For more information on this technology, see:
http://numbertext.org/linux/
http://scripts.sil.org/cms/scripts/page.php?site_id=projects&item_id=graphite_home&_sc=1

This kind of smart font technology could also offer an elegant way to make available the optional fixed-width U+00A0, were this feature considered important enough to be incorporated in a font. The feature would then be available in any application software able to support the font technology, and being an optional feature of the font it could be applied to any portion of a text, rather than to the document as a whole. On the downside, it would only be available with some specific fonts. This might also be criticized as an excessively sophisticated approach to implement a feature that is basically non-standard.
Comment 14 Roman Eisele 2012-11-04 19:00:45 UTC
(In reply to comment #13)
> We all more or less seem to agree that the rendering of U+00A0 as a
> fixed-width space is basically a bug.
Yes. But a special kind of bug: a bug which has been sanctioned by the fact that it has been in Microsoft’s applications since ages, and therefore is considered as some kind of “industry standard” by many people :-(

> Therefore it is a somewhat perverted
> situation that the bug cannot simply be fixed without paying attention to
> how the incorrect behaviour can also be preserved. Is it actually worth the
> trouble?
IMHO we can not just fix this bug by rendering U+00A0 as a proportional space, because many people, probably: most (!) people will consider the new, proportional rendering as a bug and cry: “You don’t render my .doc files correctly anymore, fix this!” ...

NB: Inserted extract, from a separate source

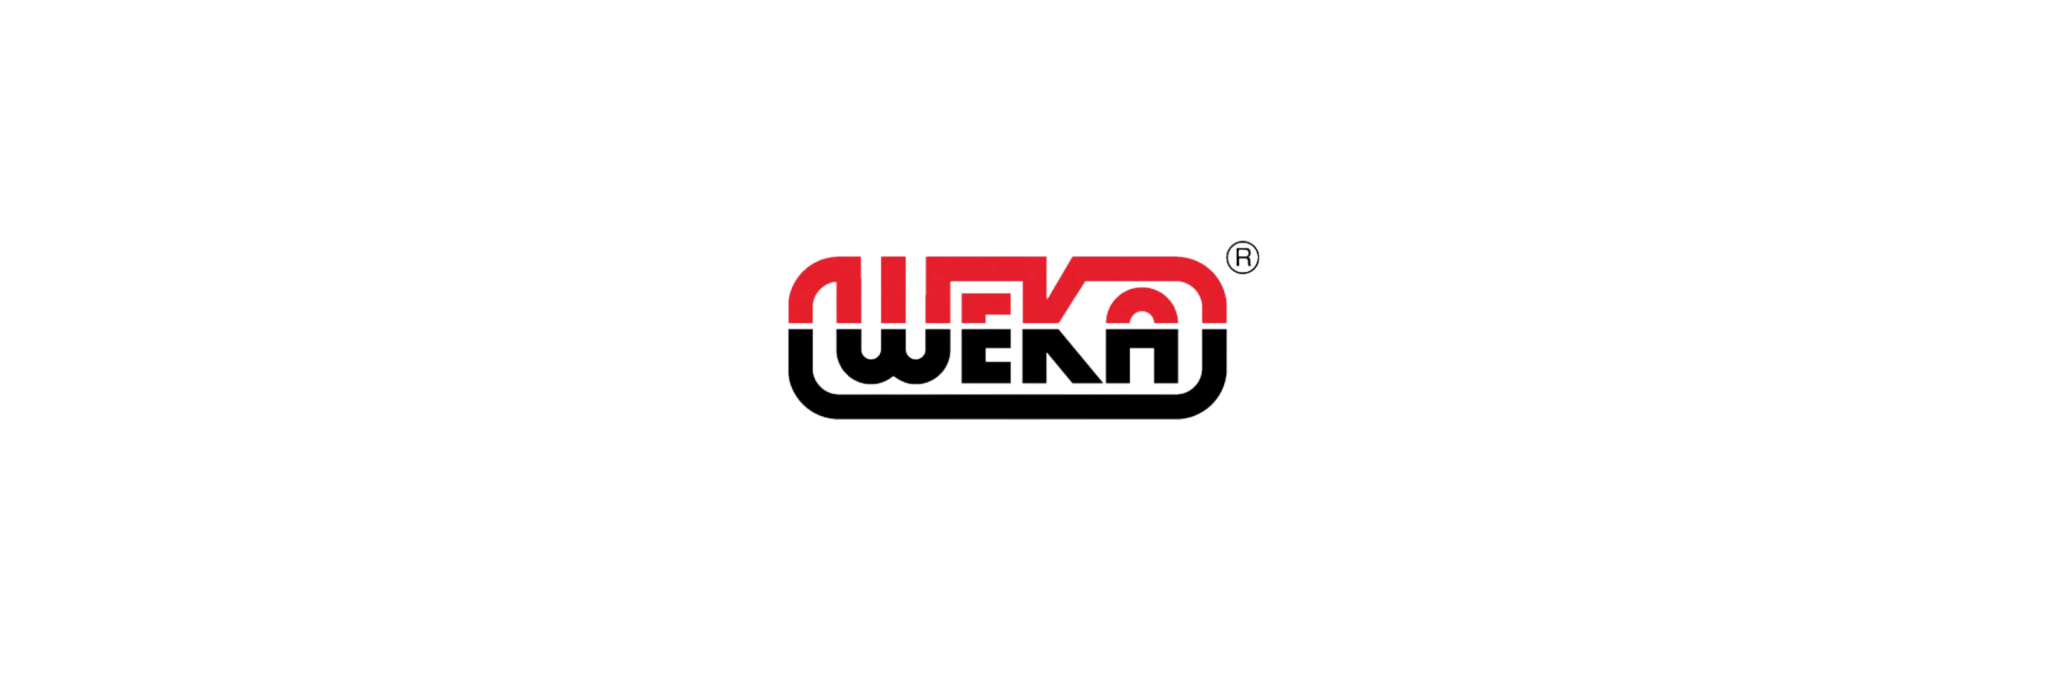 WEKA - Klenk Maschinenhandel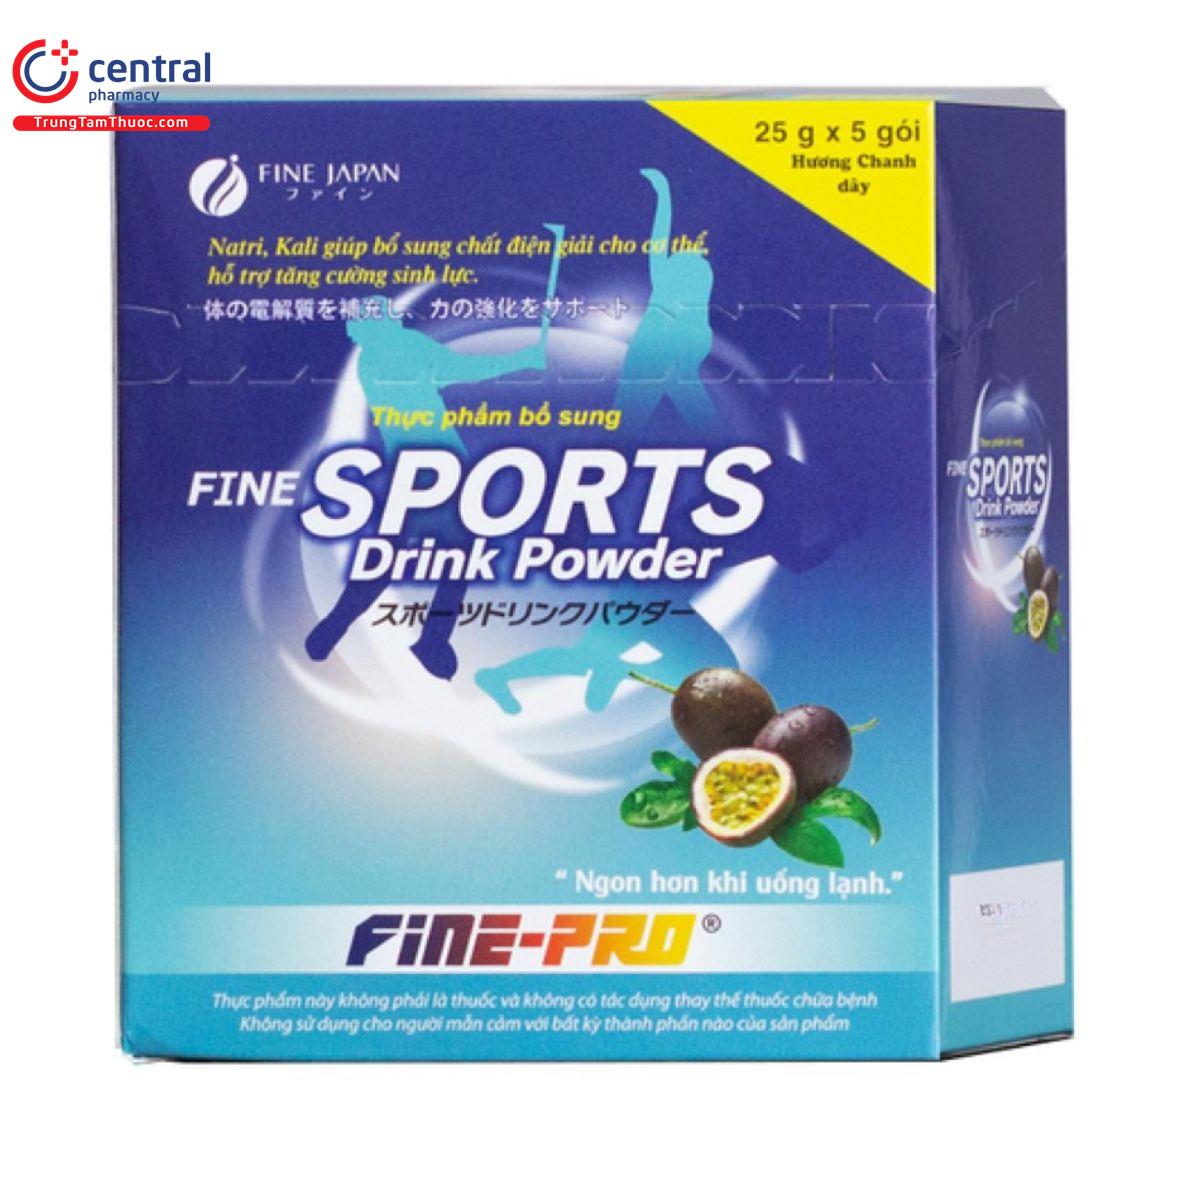 fine sports drink powder 7 F2143

Therefore the simplest solution which improves typography in LibreOffice without breaking the (wrong) assumptions of many people is (as already suggested in comment #3) to let the user configure in Options/Writer/Compatibility how the classical “hard space” (U+00A0) should be rendered: fixed-width as in Word or proportional (as Unicode and many (most?!) textbooks about typography suggest). This option should work on a per-document base, of course. So all existing documents will look like before when we open it, but can be changed to the new, better rendering by just switching that option; and the same option will also control the behaviour of documents created anew.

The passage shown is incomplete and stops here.